The mythologies that Gaddafi had an army of money hungry Black Libyan rapists hopped up on Viagra and that the government had no popular support is just simply not true. The Gaddafi government had historically incorporated Black Libyans into the political superstructure and used the nation’s oil resources to support social welfare programs as well as invest in African independent economic development. In fact, the Gaddafi government pledged to invest $97 billion into Africa to free it from Western influence on the condition that “African states rid themselves of corruption and nepotism.”

Racist lies lead to more racism, more genocide

All wars are based on some foundational story or narrative that justifies their existence. In bourgeois society, where class tensions and conflict are constantly being glossed over or concealed via the bourgeois press and ideological institutions, it is the duty of revolutionaries to “stand for truth no matter who it is for or who it is against,” as Malcolm X taught. In addition, living in the foremost imperialist nation, we have a special duty to the oppressed of the world seeing as how the government of this country is actively suppressing popular movements for social justice and liberation all over the world while actively supporting reactionaries and counterrevolution.

The war on Libya was based on quite a few foundational lies mired in racism and colonialism. One being that there was a genocide going on in Libya waged by Gaddafi and forces loyal to him. Another was that Gaddafi was giving Viagra to Black Libyans to go out and commit mass rape. We also heard stories about Gaddafi indiscriminately “killing his own people” in
the suppression of a “popular revolution” and the all-time liberal imperialist favorite “for democracy and freedom from dictatorship.”

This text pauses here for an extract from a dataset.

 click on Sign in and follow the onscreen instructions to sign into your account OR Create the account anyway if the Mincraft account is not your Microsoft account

There were many more lies told about Libya on the eve of its destruction, but these were the most prominent ones as they still linger today in many political circles even those that consider themselves to be “revolutionary.”

All of these lies were not true or even half-truths at best. There was no genocide when Gaddafi was in power, but we do know that there was genocidal violence against Black Libyans and mass lynchings carried out by the so-called “rebels” that the U.S. was backing at the time. One has to wonder, where was the bourgeois press then? Where was their “outrage” and chastisement for the world “turning a blind eye.” A year after the conflict began, some news outlets reported on the forced feeding of Black Libyans “the flag of Gaddafi,” at the hand of the rebels.  The flag symbolized the nationalist revolution in 1969 led by Gaddafi, which kicked out U.S. imperialism’s bases and nationalized some of the commanding heights of the economy to create social welfare benefits for Libyan workers and farmers leading to the highest levels of human development in all of Africa.

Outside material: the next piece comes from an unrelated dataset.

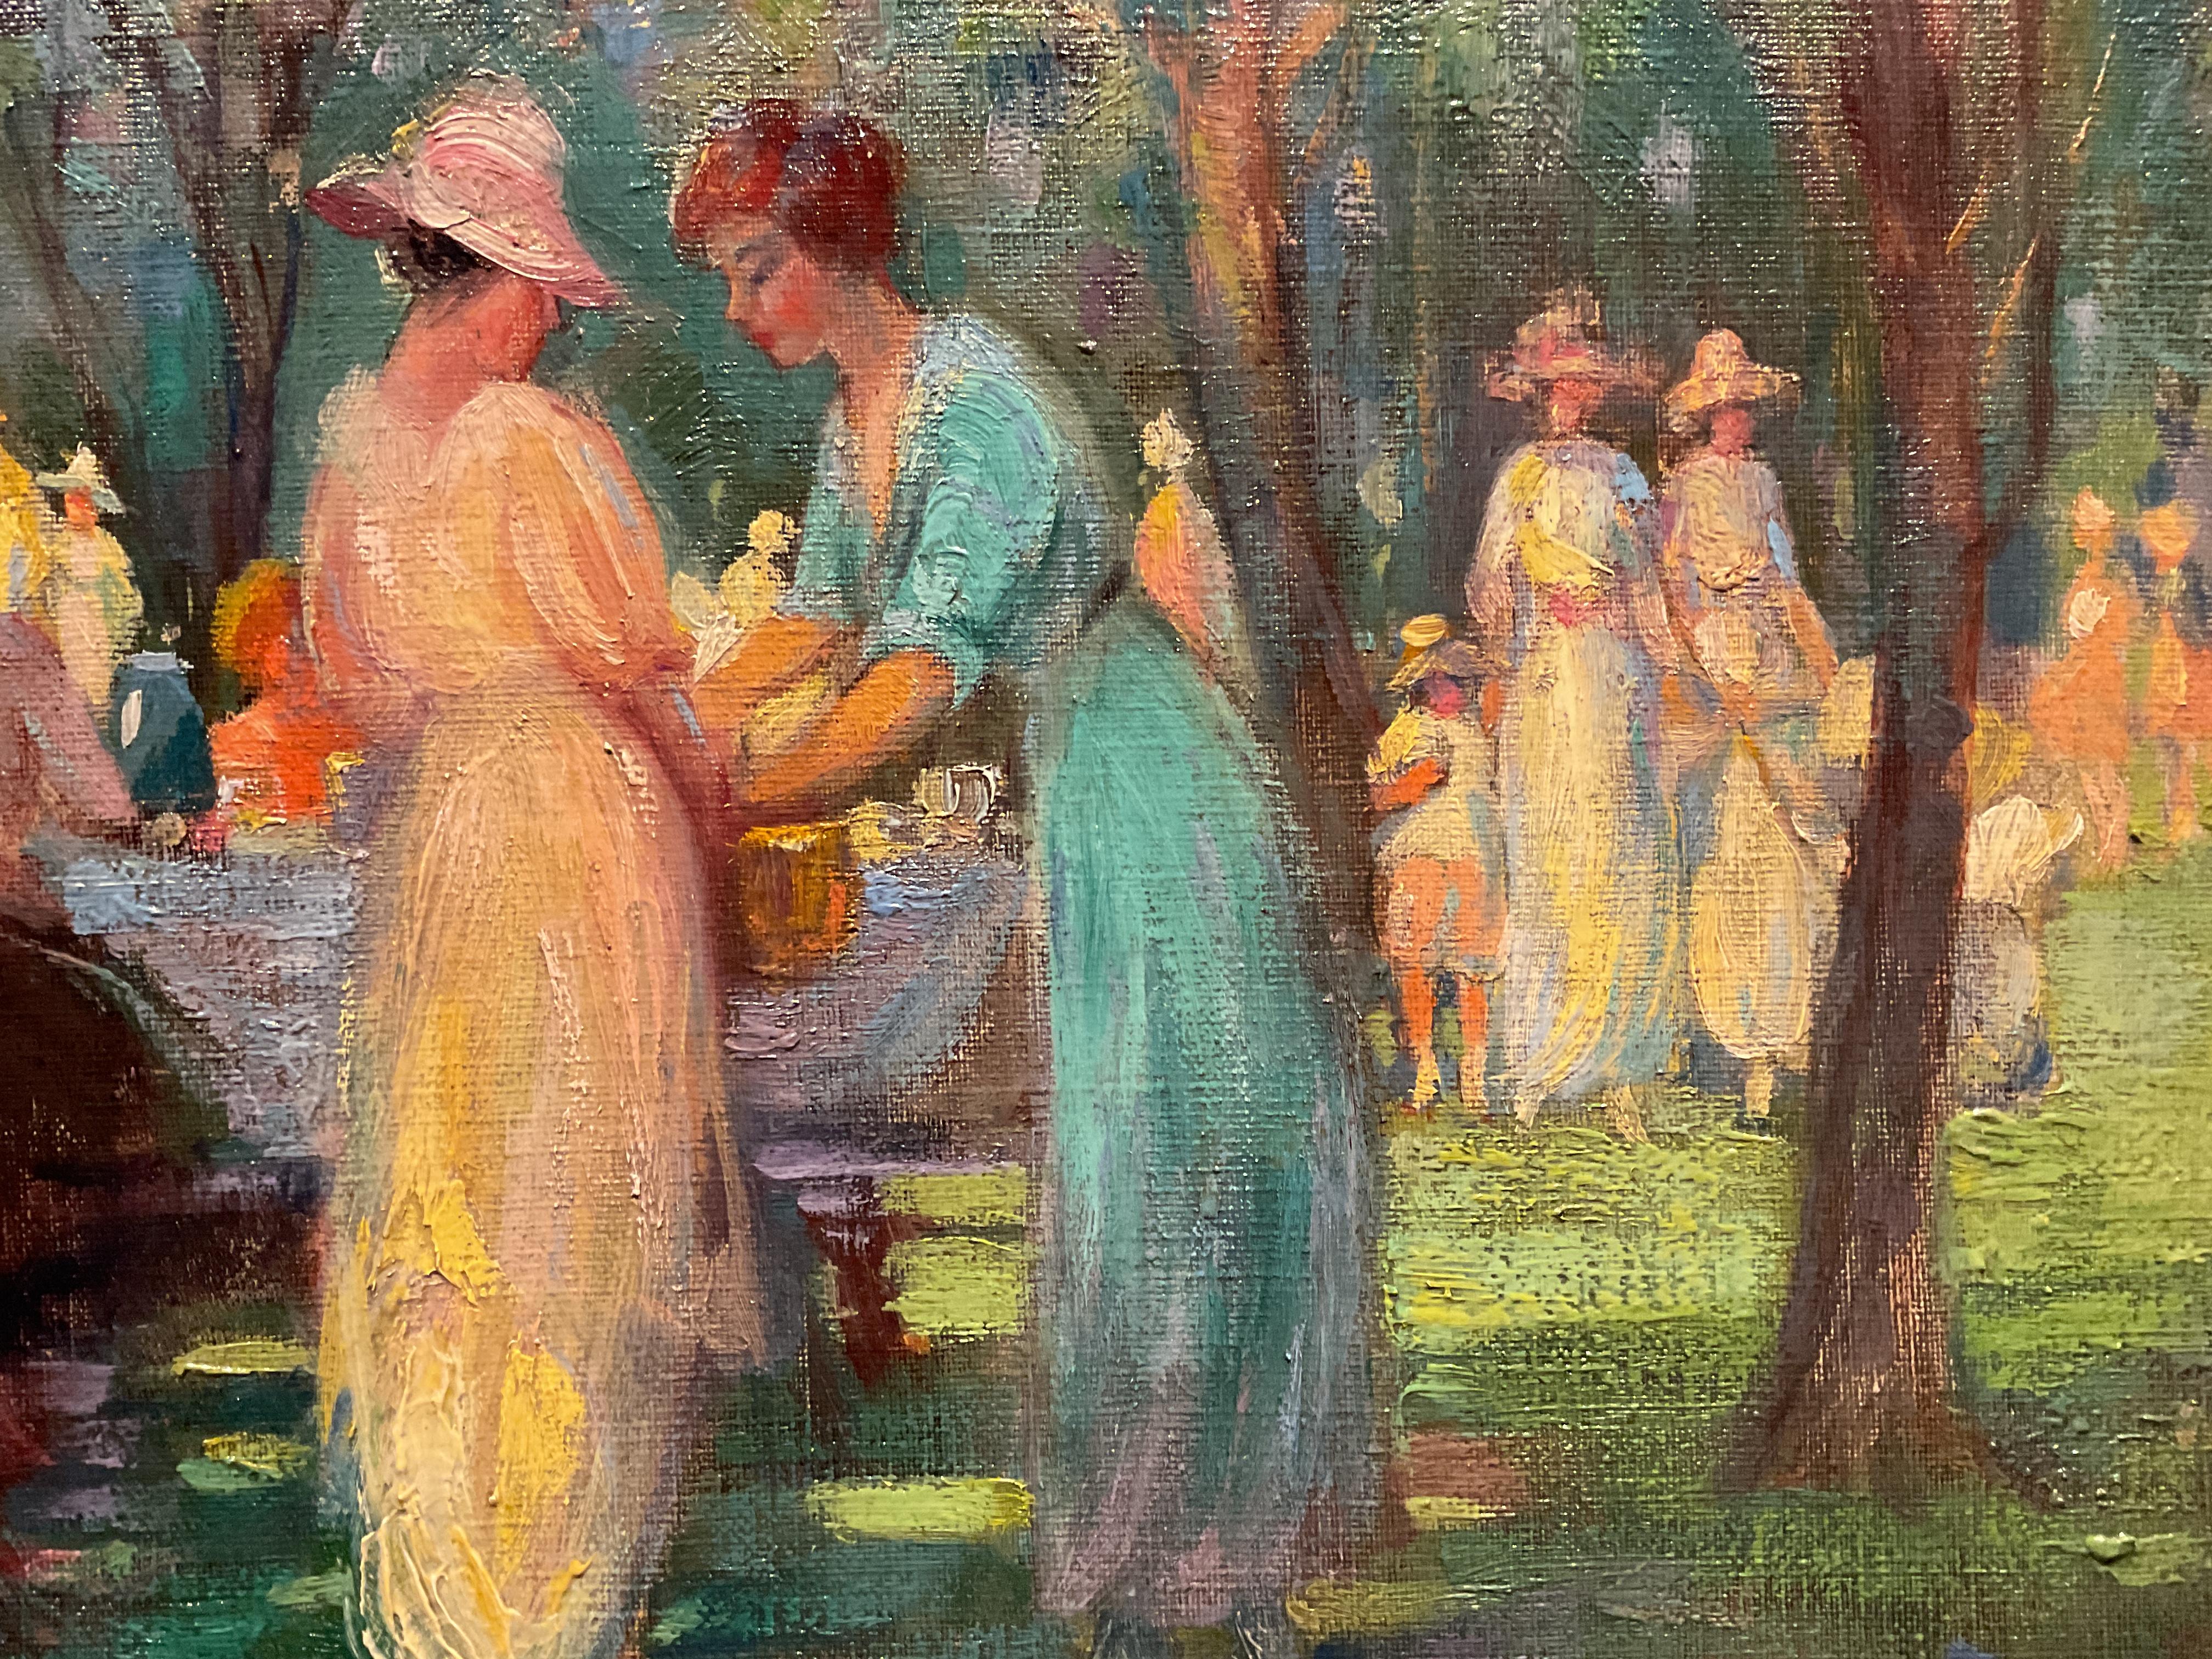 This lovely impressionist painting portrays what appears to be a family outing or picnic.  There are many beautifully dressed women with their children in a park setting.  Oddly, what appears to be missing are men, or their husbands.  Perhaps it’s a

Anti-imperialism at home and abroad

On Nov. 18 in Paris, hundreds of protesters, mainly led by young Black people, demonstrated in front of the Libyan Embassy in central Paris. They were met by police repression as they denounced the re-introduction of slavery in Libya. Protestors had signs that read “Free our brothers” and “Put an End to the slavery and concentration camps in Libya.”

These brave young activists, many of them young Black people, are on the right path. We must follow in their footsteps and build the struggle. According the the New York Times, one protester stated: “We have to mobilize — we can’t let this kind of thing happen. Did we really need to see such shocking pictures before taking a stand? I don’t think so?”

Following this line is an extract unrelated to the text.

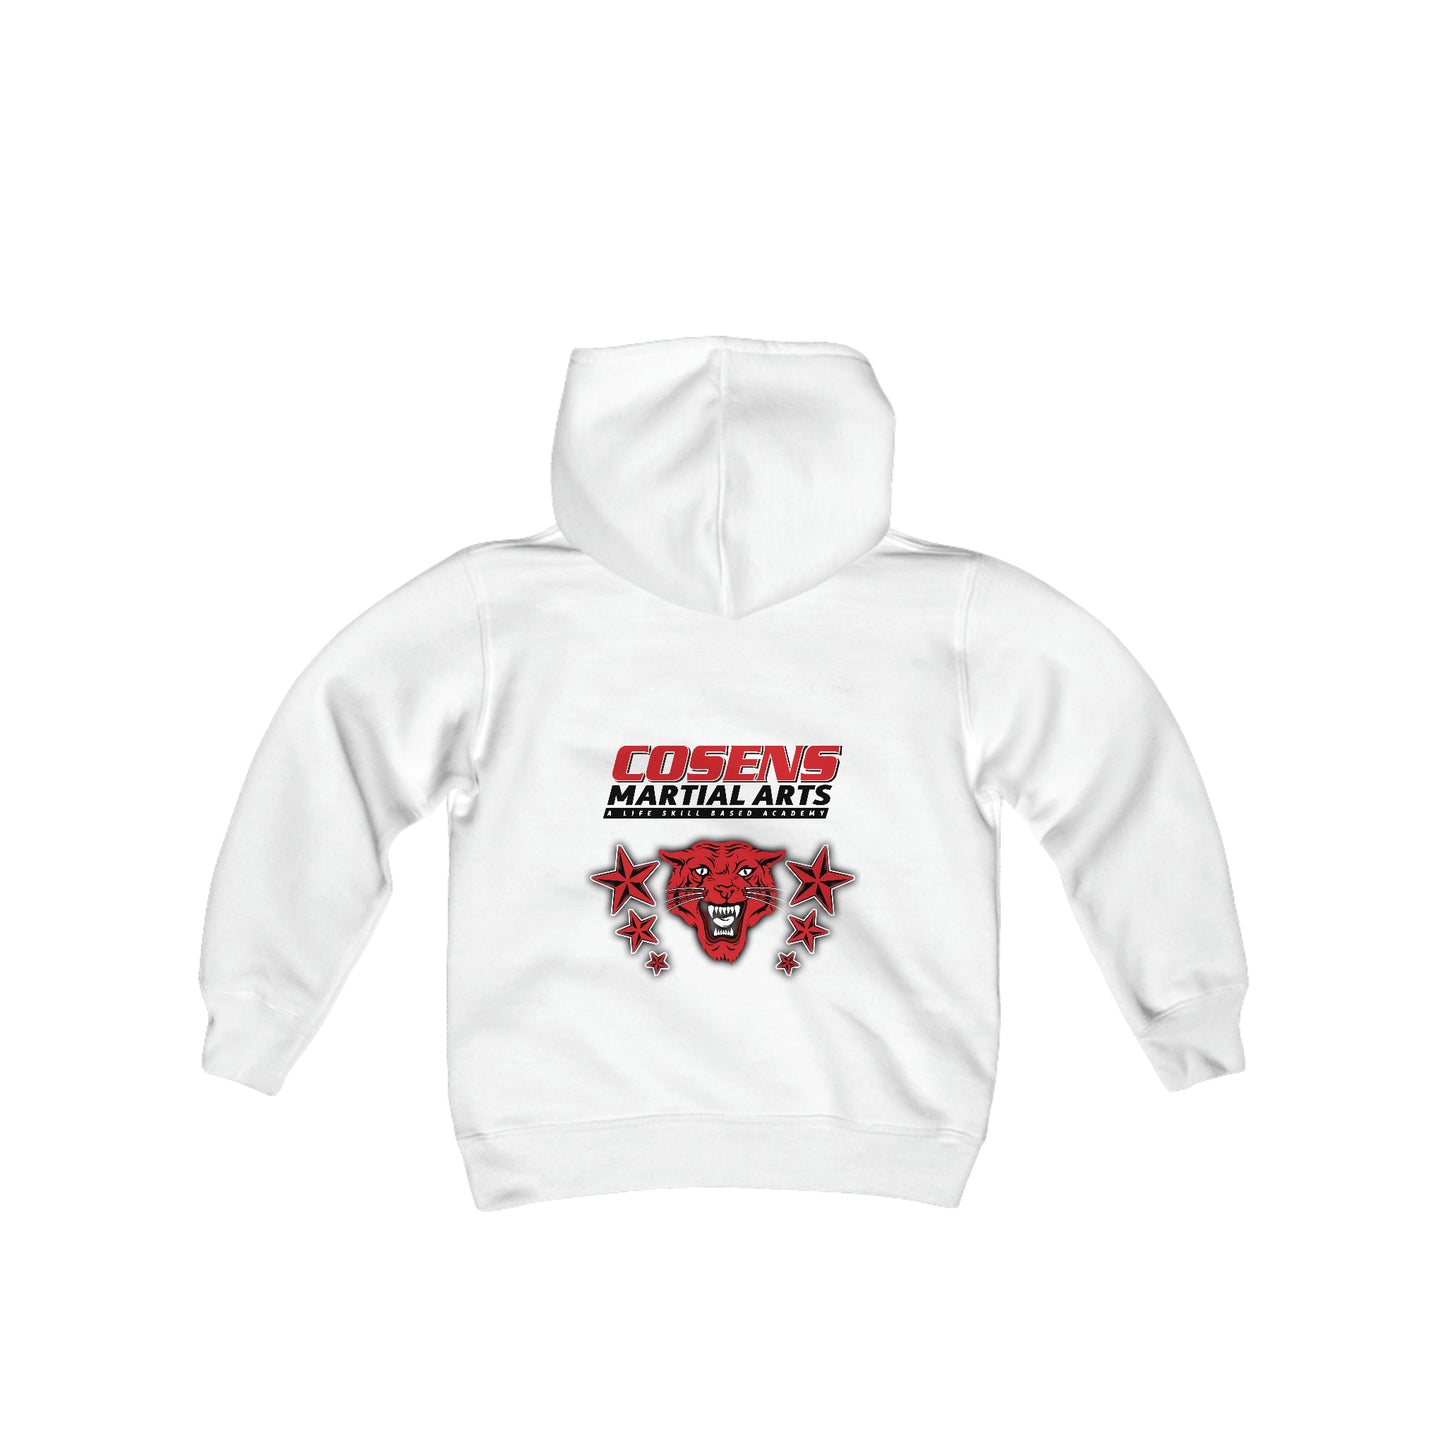 Youth Pullover Sweatshirt (Not customized with name)

The destabilization of Libya by U.S., French, and British imperialism has led to the rise of ISIS, Boko Haram, and the migration crisis in Europe. Their actions have emboldened the far rightwing, which uses the declining imperialist economies to scapegoat immigrants and people of color to spread their racist lies to justify why they oppress us.

We stand with the Black African migrants and those enslaved in Libya and beyond as a result of the 2011 NATO war on the country. We must always remember that the enemy is at home and we must work to do all we can so that our own governments are held accountable for spurring on the destruction of sovereign and independent states.